Despite an outburst by a man and a woman accusing Grosse Pointers of wanting segregation specifically from Detroit students, Walsh said afterward the real concern in the Pointes is class size.
Masses of the audience stood and began exiting the room as the man and woman continued yelling about how Grosse Pointers think their children are better than Detroit children and are sugarcoating their real concern. The audience also made a quick exit after Bledsoe began wrapping up the forum.
Bledsoe said a rumor has been circulating the capitol that a draft of the bill has been written, but it is not being shared openly. He believes the bill could surface soon, but really doesn't have a gauge about where the governor is in the process.
Either way, Bledsoe and Walsh agreed the district will not have to adopt a schools-of-choice program for the upcoming school year as there is not enough time to move such major legislation through for passage.
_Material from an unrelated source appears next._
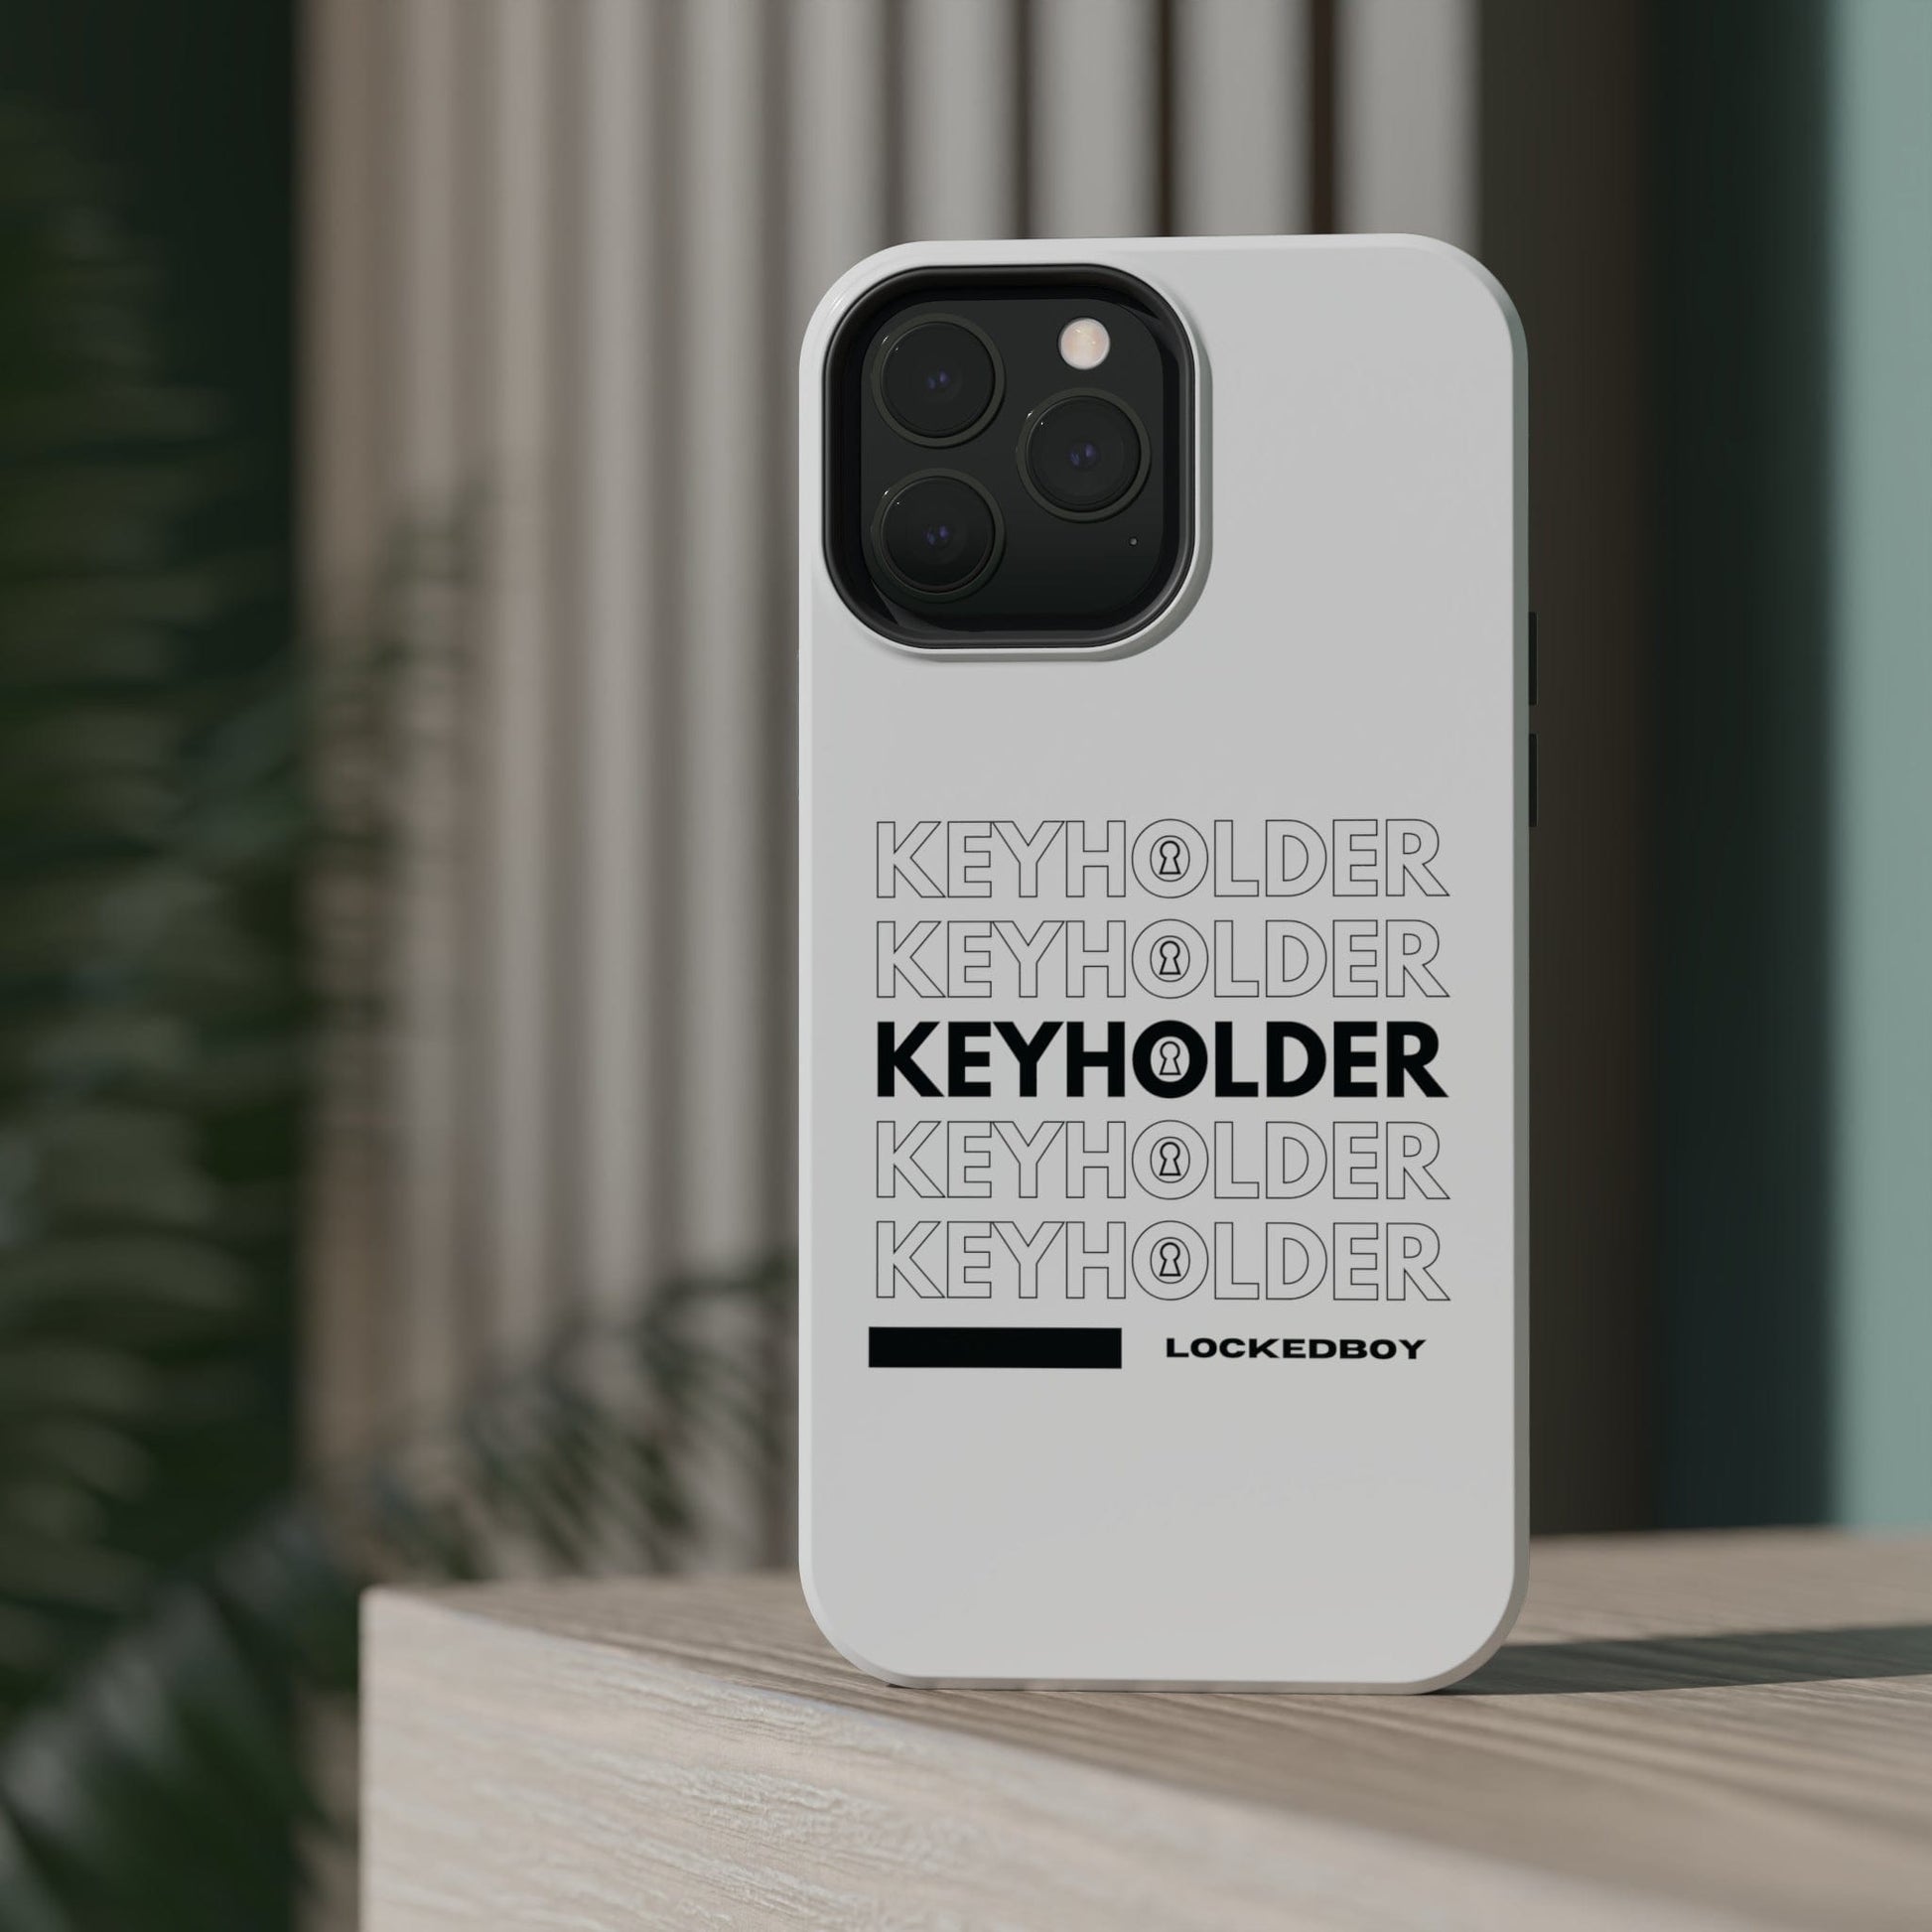 Phone Case KeyHolder Bag Inspo MagSafe Tough Cases LEATHERDADDY BATOR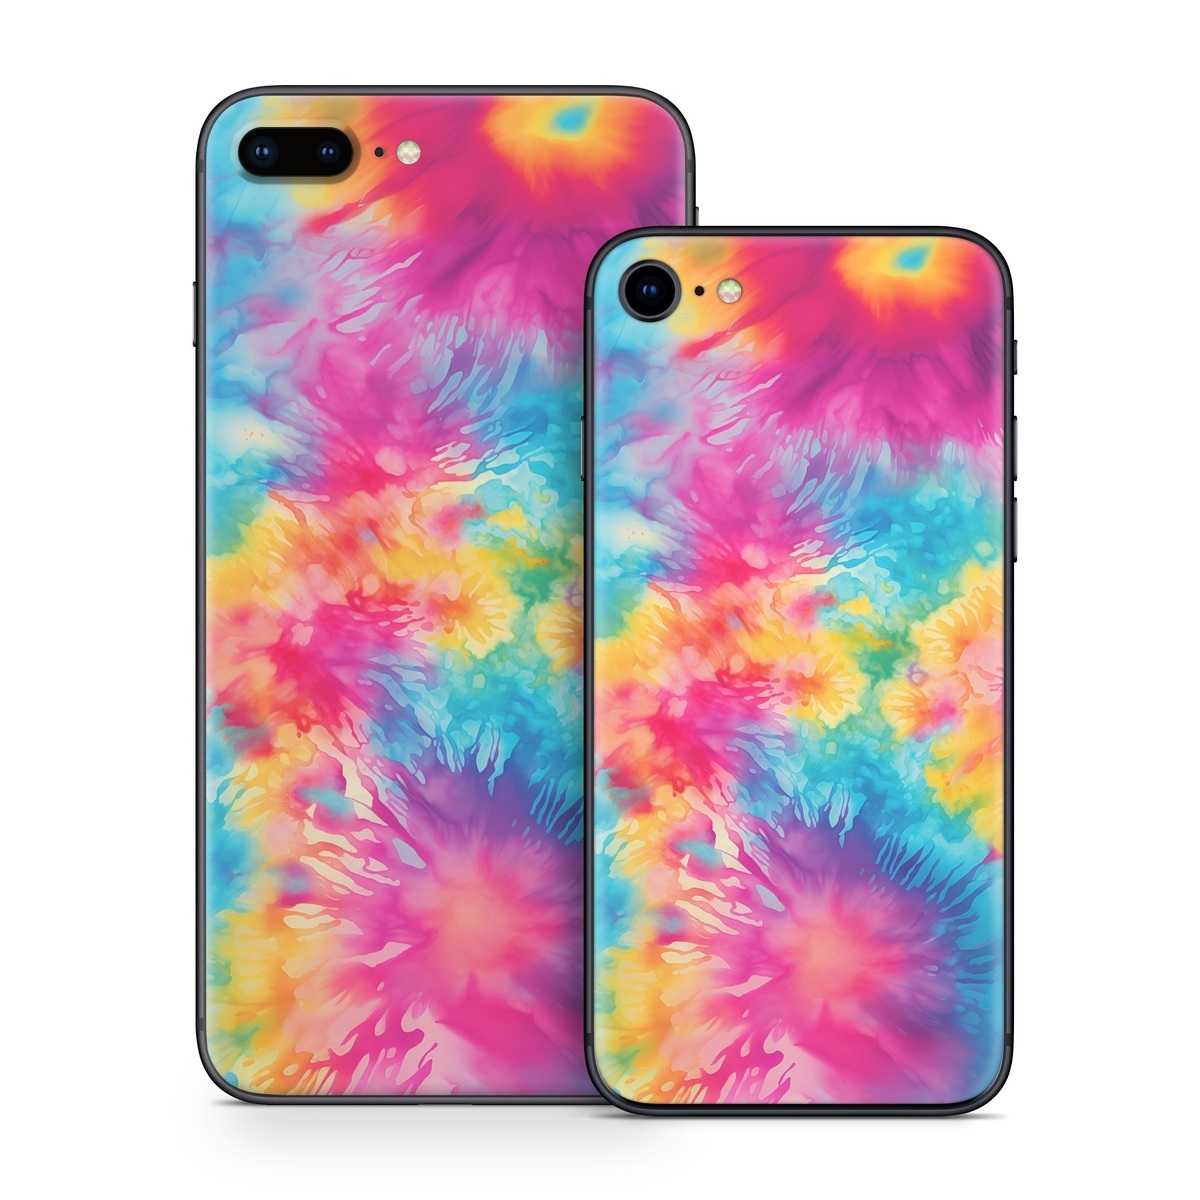 iPhone 8 Series Skin design of Colorfulness, Plant, Flower, Orange, Paint, Petal, Pink, Art, Painting, Magenta, with black, gray, orange colors

During the hour-long forum, Van Beek highlighted some of the positive sides of schools of choice. Some districts have used it to attract students. Among the benefits, according to Van Beek:
- Funding—the minimum $7,000 state issued funds follows the student, not the school, and adding one student to an already existing class doesn't cost the same amount.
- It's an incentive for school districts losing students to improve.
- Students can pick the school/district that best meets their needs.
Oxford School District in northern Oakland County has been one district that has made the most of using schools of choice, Van Beek said. The district opted into it, began upping its enrollment when most were losing students, and added more foreign language and arts. The schools also eliminated pay-to-play and admissions for events. The district also has partnered with four schools in China for an extended schools-of-choice experience.